Widespread Panic

July 20

People ask me all the time, "Why do you listen to that Widespread Panic crap?" The worst part is that I usually have no intelligent response. I usually say, "Either you get it or you don't get it, plain and simple," even when I have three days to come up with a better answer. The Athens-based jam band has been around now for close to two decades and is basically a one-trick pony: They play live music, and they play it for a really long time. If you are totally oblivious to the band and its music, don't go see it; you'll just wonder why 10,000 kids are spinning around wildly and singing every word to what probably sounds like one three-hour-long song.
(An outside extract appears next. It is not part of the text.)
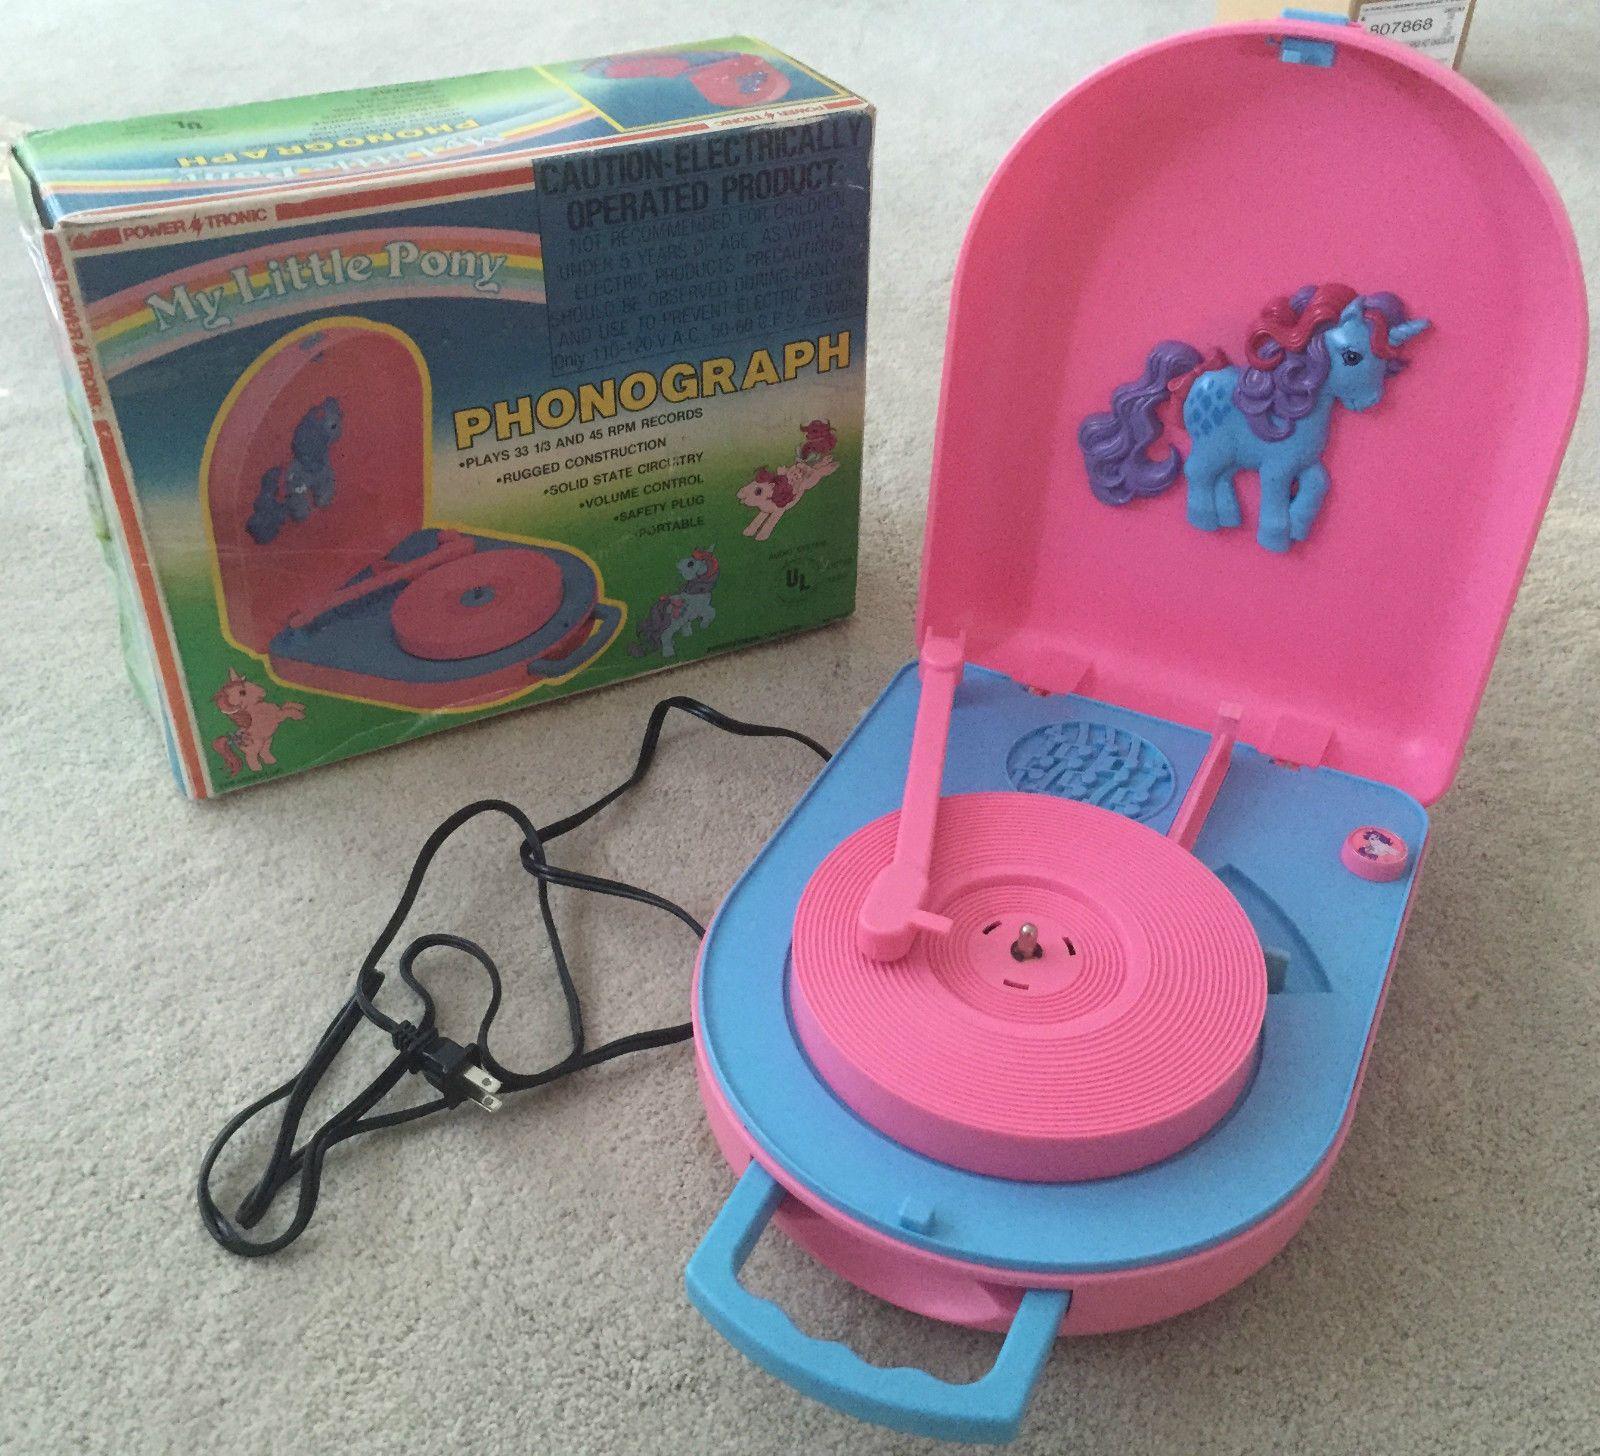 Rare Vintage 1984 Original My Little Pony Vinyl Record Player Phonograph Box Ebay Original My Little Pony Vintage My Little Pony My Little Pony Merchandise

But if you do own any of their 10 albums, then every concert is special. I have attended about 60 shows, and each has been unique. You can catch the band three straight nights and never hear the same song, which for me is great, but for the average concertgoer who always expects to hear the greatest-hits package, it's a letdown. Widespread Panic sells very few albums, makes all its money off its live shows and has a rabid fan base eerily similar to the Grateful Dead's. The audience listens to Widespread, takes drugs, then listens to Widespread bootlegs in their cars--freaks and proud of it. The new album Ball pretty much sucks, but it doesn't take away from what they do onstage, which, to borrow a line from Tenacious D, rocks. So go at your own risk. You'll probably hate them and hate me for recommending them to you. But you can't deny that they're brilliant musicians and write songs that have some of the catchiest grooves this side of Ambrosia. Just don't ask me why I like them, and don't talk to me at the show. I might hit you while I'm spinning around.